On the other hand, which would have been the requisite course of action in the present situation? Adopting a resolution, the seemingly strongest measure the UN can resort to, could hardly make a difference – it can barely make a Government, a country, or a terrorist movement oblige, in default of any sanction in the contrary. In the ever-lasting dispute over the binding force of resolutions, the balance seems to have inclined in favour of those who argue that they have a non-binding nature.
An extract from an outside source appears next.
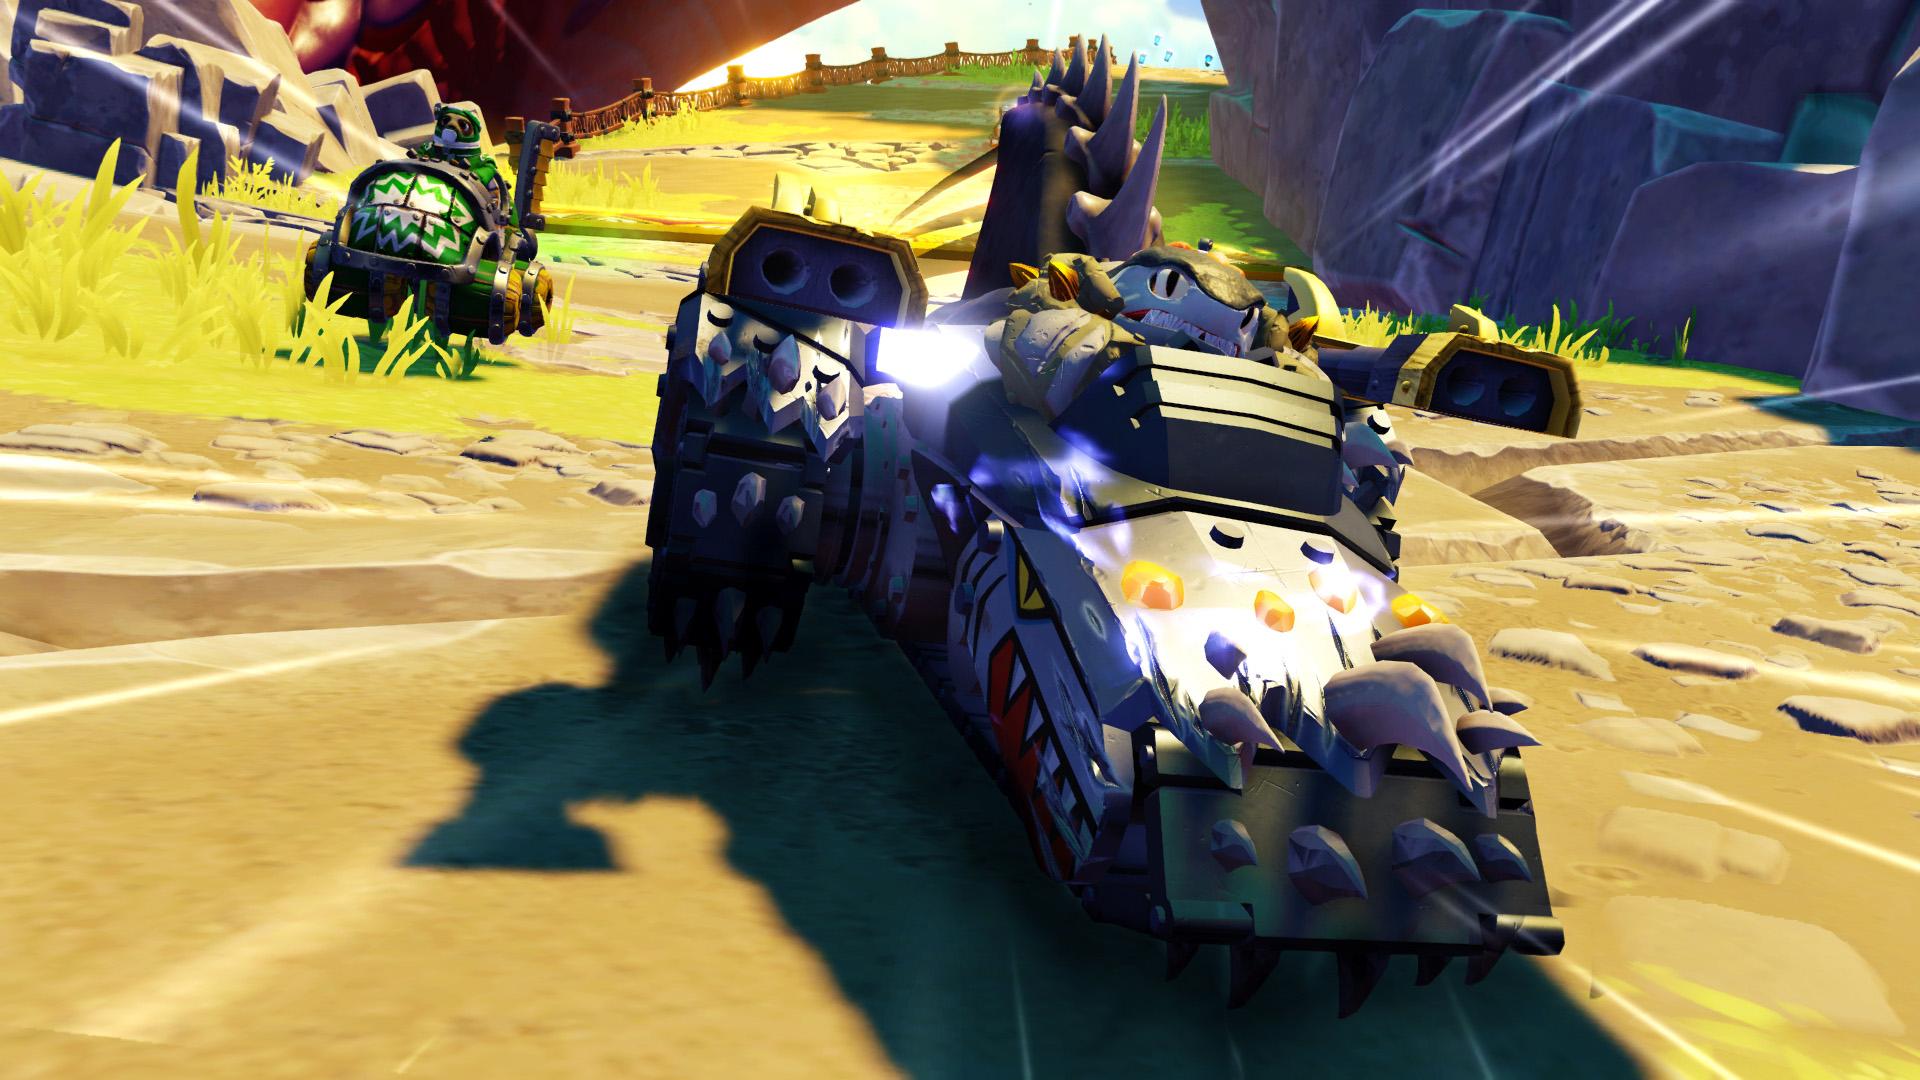 [Juego] Mira la imagen y adivina el videojuego  - Página 6 SSC_SuperCharged_Shark_Tank.0

At least, this is how resolutions presently appear in the public conscience.
To draw a conclusion, perhaps situations of this sort can only come to highlight, once more, the narrow confines of any endeavours to regulate extreme situations with the use of international law. Over sixty years ago, the UN started as a bold political alliance against the Axis, aiming at the termination of the Second World War. Probably, it will never go beyond its intrinsic political nature, and maybe the supreme purported role of safeguarding human rights worldwide is too big a mission to assume even for an organisation of its scale.
This article was written following the author’s participation at the 22nd Regular Session of the United Nation’s Council of Human Rights (February 25, 2013 – March 1, 2013), in her quality of delegate on behalf of the European Law Student’s Association.